Novartis AG

AI Scientist – AI-Driven Target Identification

📍 Basel (City)

Rolle und Verantwortlichkeiten

Design, develop, implement and apply advanced machine learning algorithms, AI models, and platforms to enable the delivery of predictive insights from pre-clinical, clinical and real-world evidence datasets. Demonstrate value of innovative AI techniques in the context of drug target identification, biomolecular interaction modeling, drug development and biomarker discovery. Work with foundational models, including pre-trained, self-supervised, multi-purpose, and multi-modal models to advance generative AI applications in drug discovery. Collaborate with cross-functional teams to develop and adopt best practices for ML-ready data. Contribute to scientific publications and present results at internal and external scientific conferences.

Team / Beschreibung

The Oncology Data Science team in Biomedical Research at Novartis works at the intersection of oncology drug discovery, computational biology, AI/ML, and data engineering. We are seeking an enthusiastic AI/ML scientist with strong curiosity for AI-driven drug discovery to join the AI & Innovation team. This role will apply advanced AI approaches to generate insights from complex multi-modal datasets and advance our target and biomarker discovery efforts.

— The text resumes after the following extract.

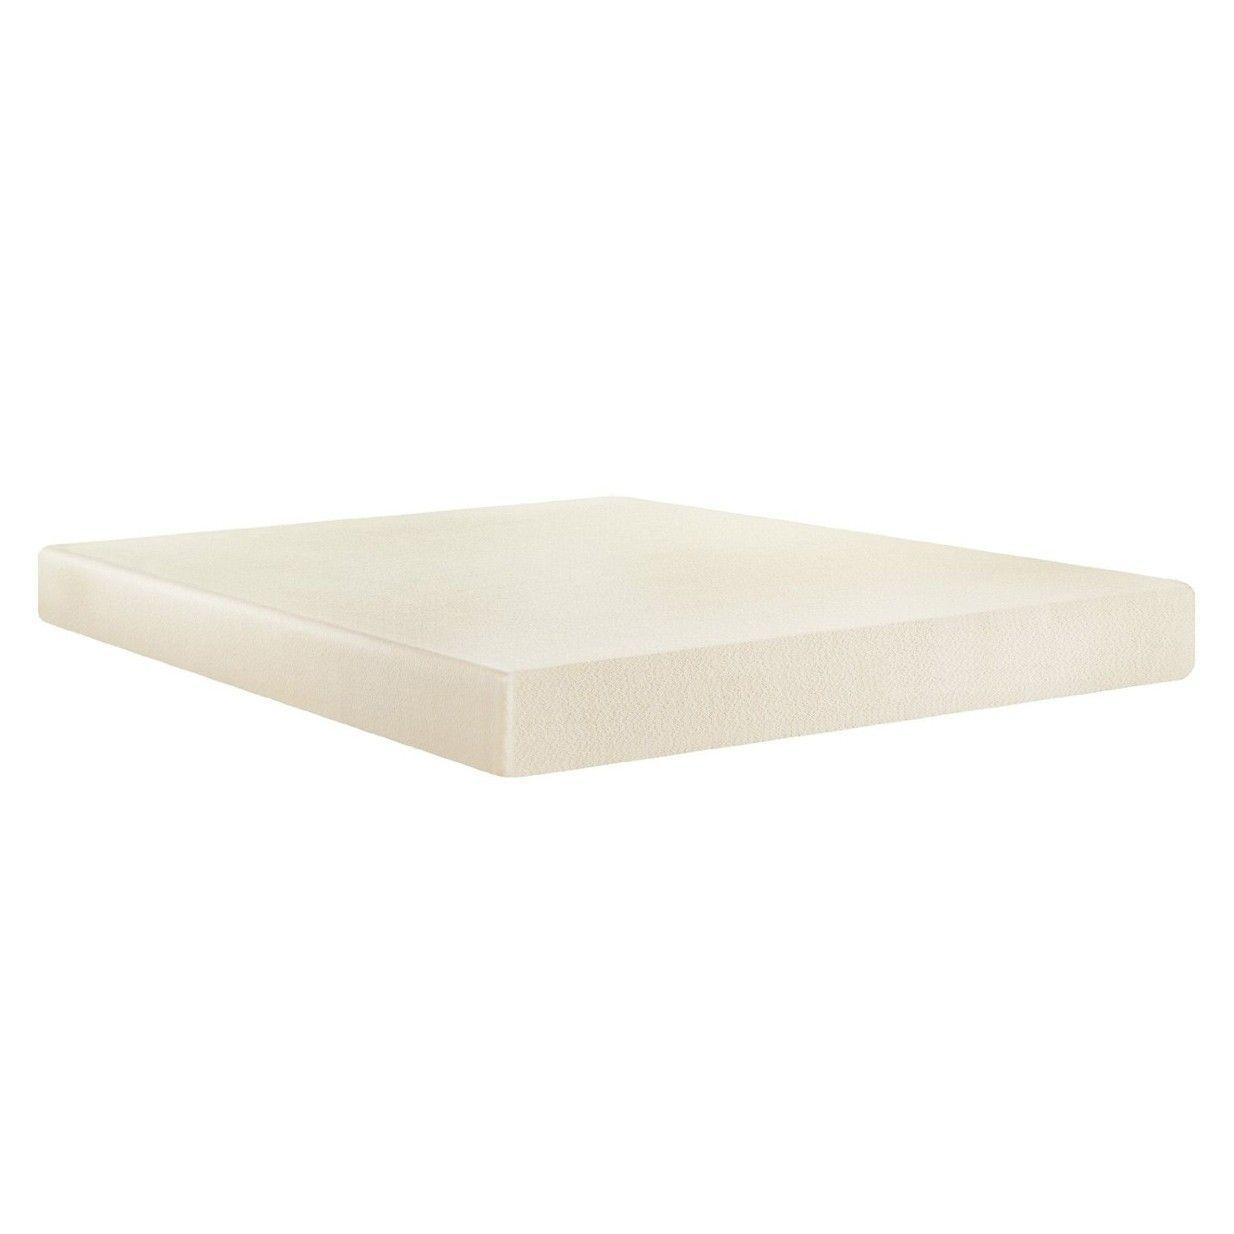 Full size inch Thick Memory Foam Mattress Foam mattress Memory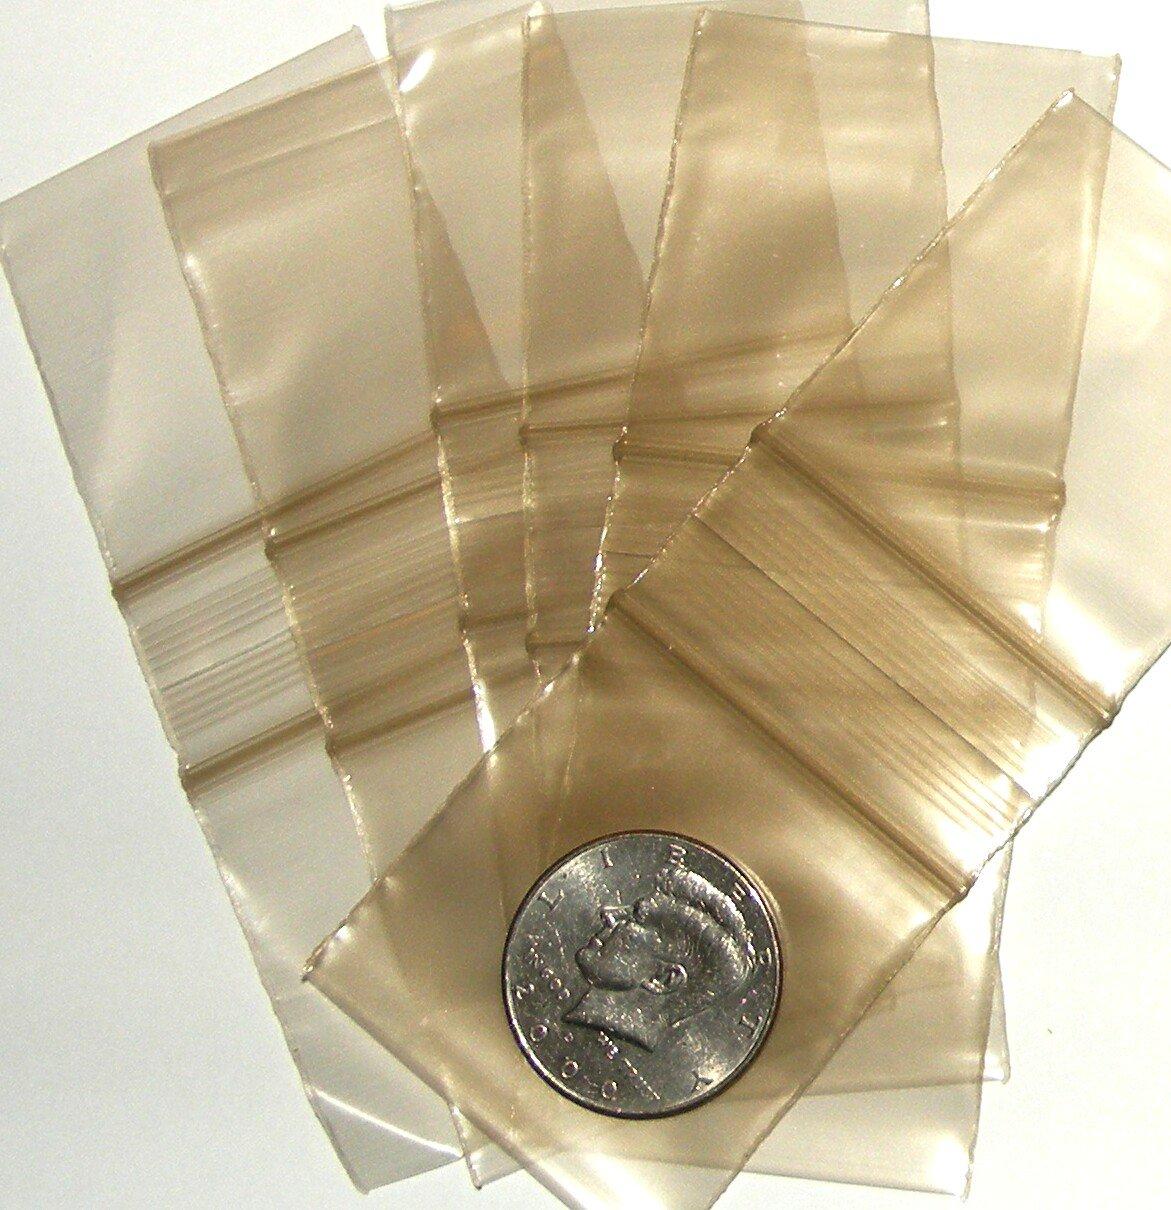 "200 Gold tinted Baggies 2 x 2"" Small Ziplock Bags 2020"

Qualifikationen und Fähigkeiten

  • Ph.D. in Machine Learning, Computer Science, Applied Mathematics, Computational Biology or related field.

  • Strong experience in one or more of the following areas: generative AI, biomedical foundation models, geometric deep learning, multi-modal learning, and large-scale knowledge graphs.

  • Excellent programming skills and proficiency in deep learning frameworks such as PyTorch, with openness to learning new tools and technologies.

  • Practical experience across ML and LLM software stack, including feature engineering, model development, deployment, and validation.

  • Prior experience working with omics data and familiarity with oncology drug development.

  • Excellent communication skills, with the ability to communicate complex data insights and recommendations to cross-functional teams.

  • Demonstrated strong research skills, evidenced by publications in top-tier ML/AI conferences and/or leading scientific journals.